Requirement:
Output only the lines of the entries that follow, starting at the one with "Các đồng chí: Phạm" and running down to the one with "Serial Killer Richard Chase essay", both included and unchanged.

Task data section start

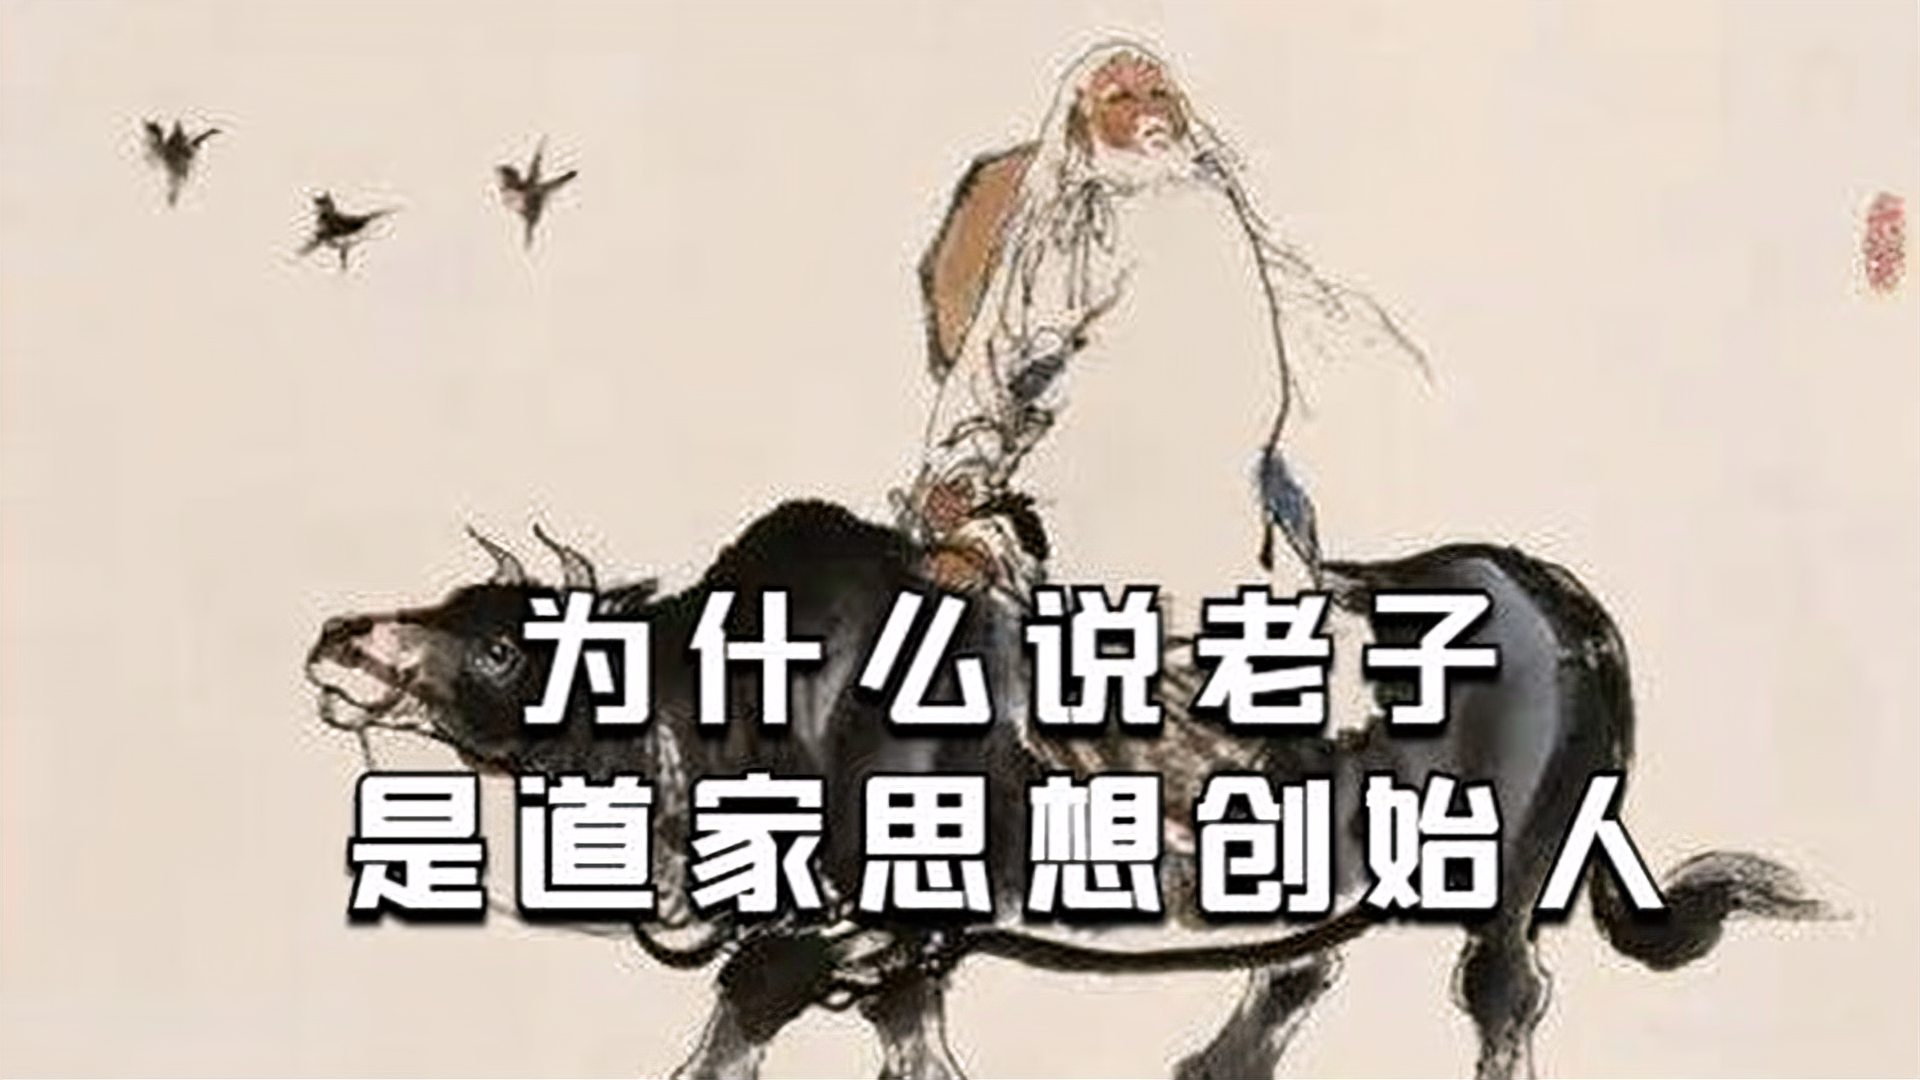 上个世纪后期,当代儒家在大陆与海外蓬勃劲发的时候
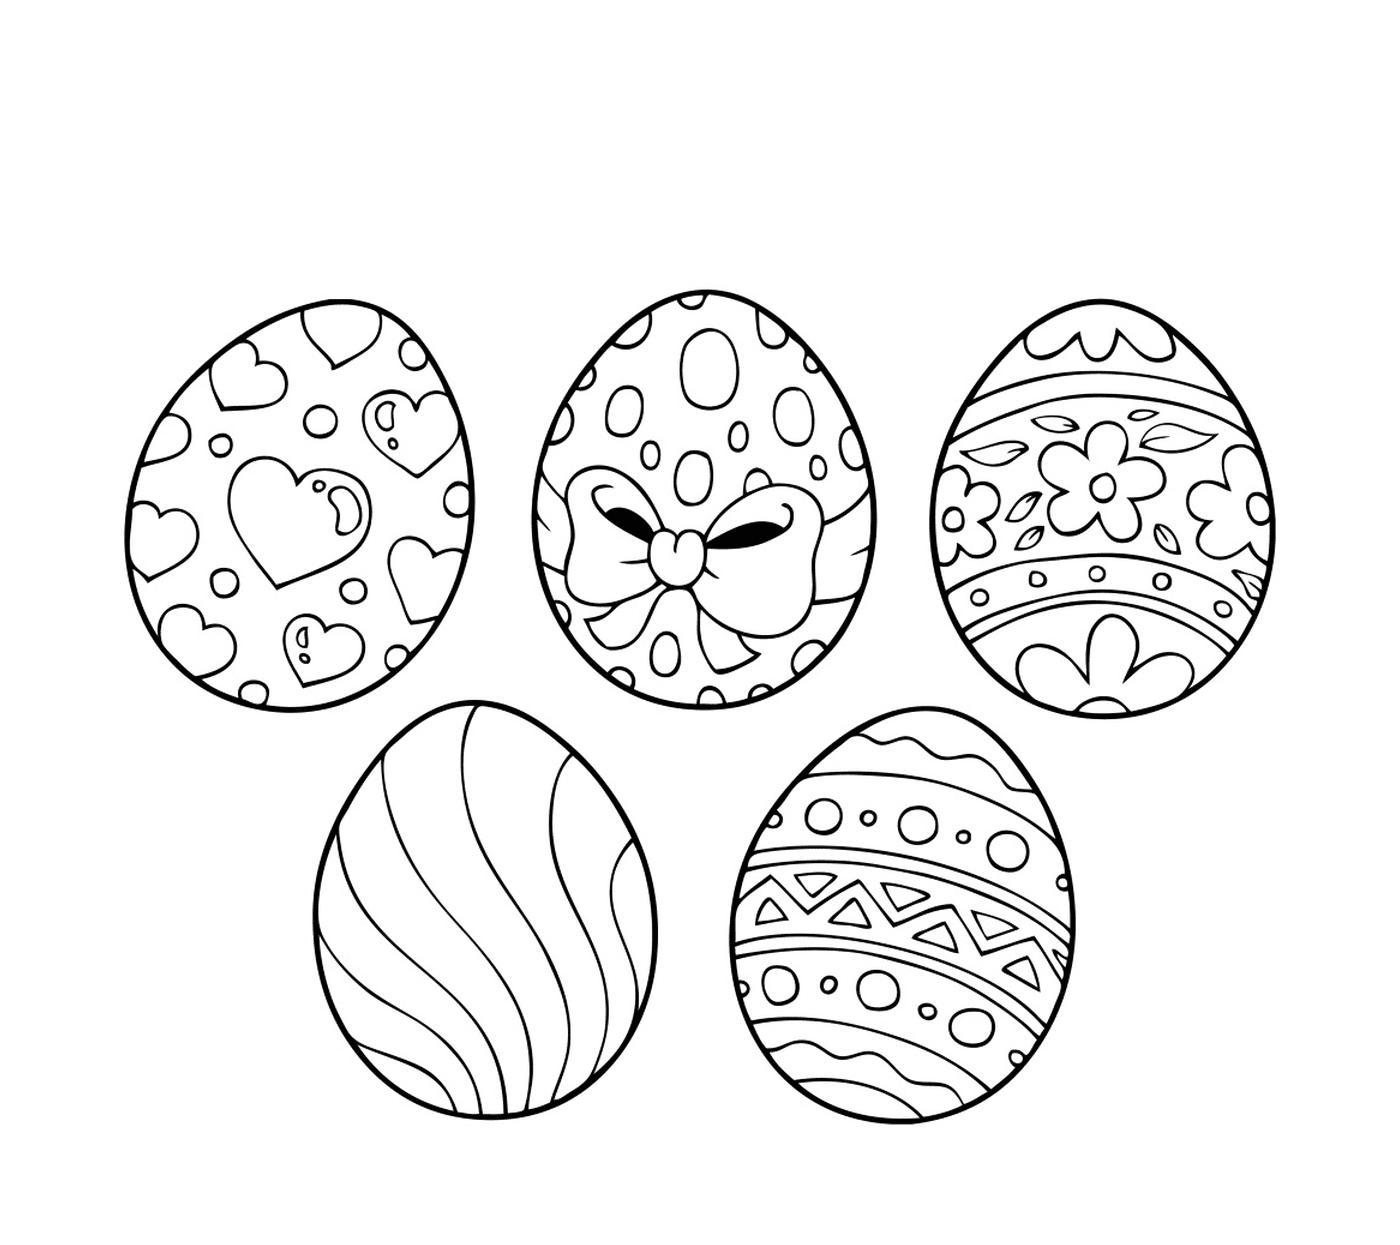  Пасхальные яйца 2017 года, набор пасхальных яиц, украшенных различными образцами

Task data section end
Task data section start

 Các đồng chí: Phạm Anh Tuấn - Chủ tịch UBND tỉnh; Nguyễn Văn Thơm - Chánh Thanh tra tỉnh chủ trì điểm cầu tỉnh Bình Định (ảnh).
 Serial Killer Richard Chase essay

Task data section end
Task data section start

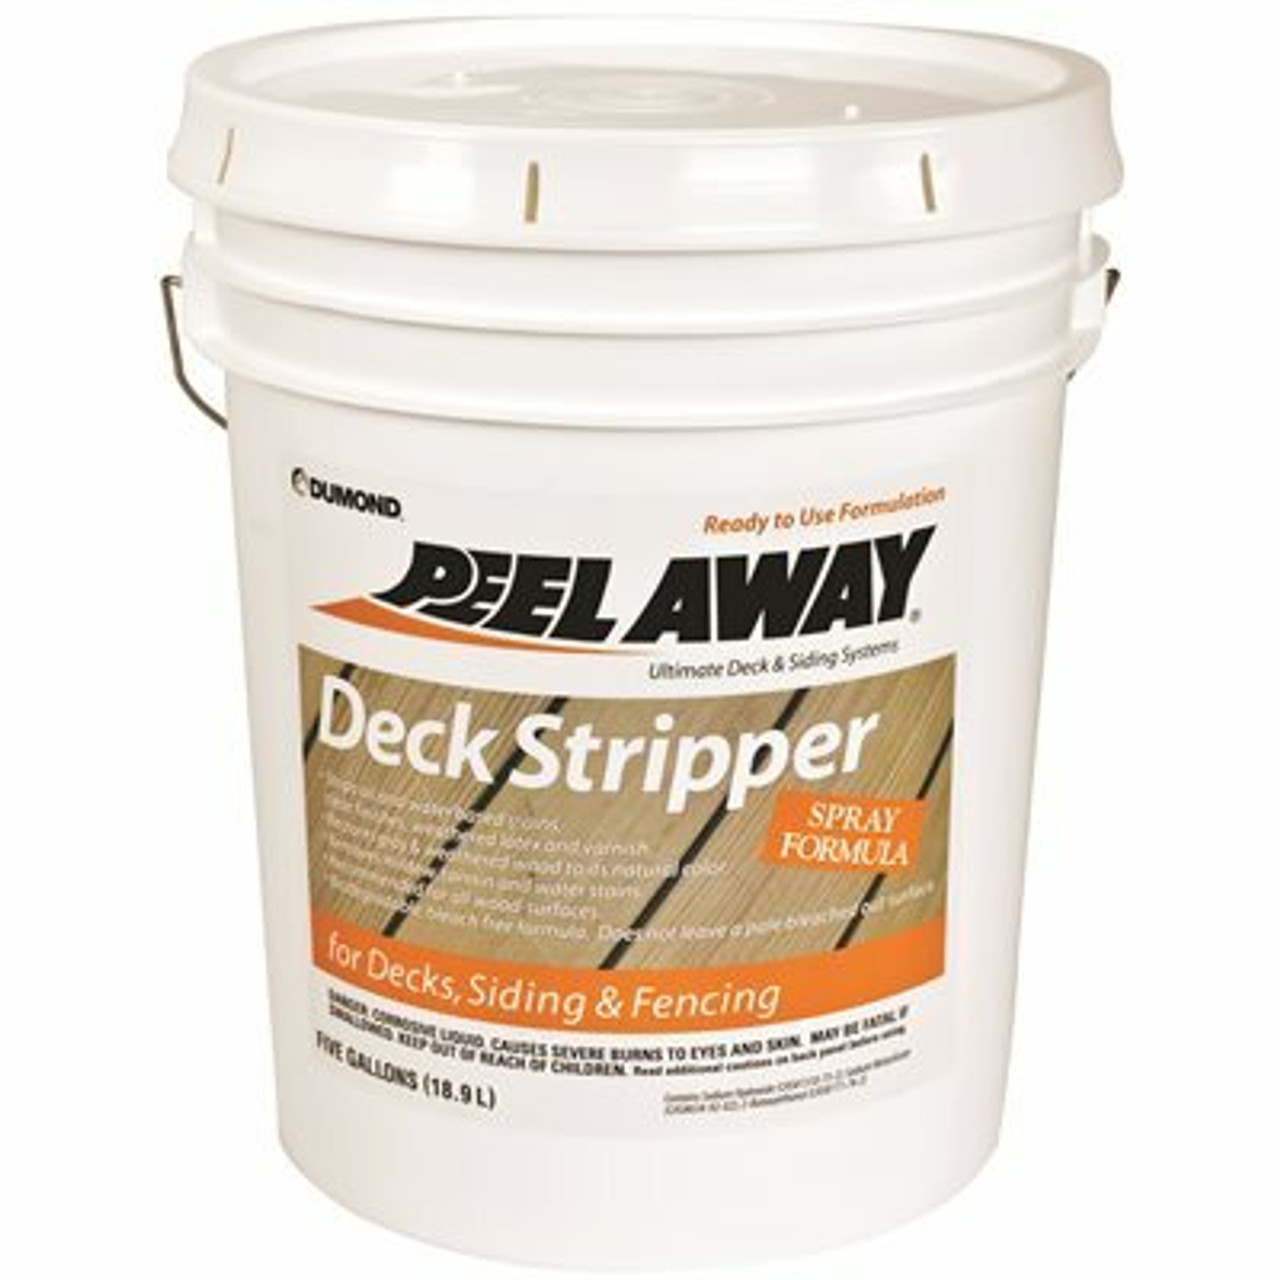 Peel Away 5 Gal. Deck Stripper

Task data section end

Reply:
 Các đồng chí: Phạm Anh Tuấn - Chủ tịch UBND tỉnh; Nguyễn Văn Thơm - Chánh Thanh tra tỉnh chủ trì điểm cầu tỉnh Bình Định (ảnh).
 Serial Killer Richard Chase essay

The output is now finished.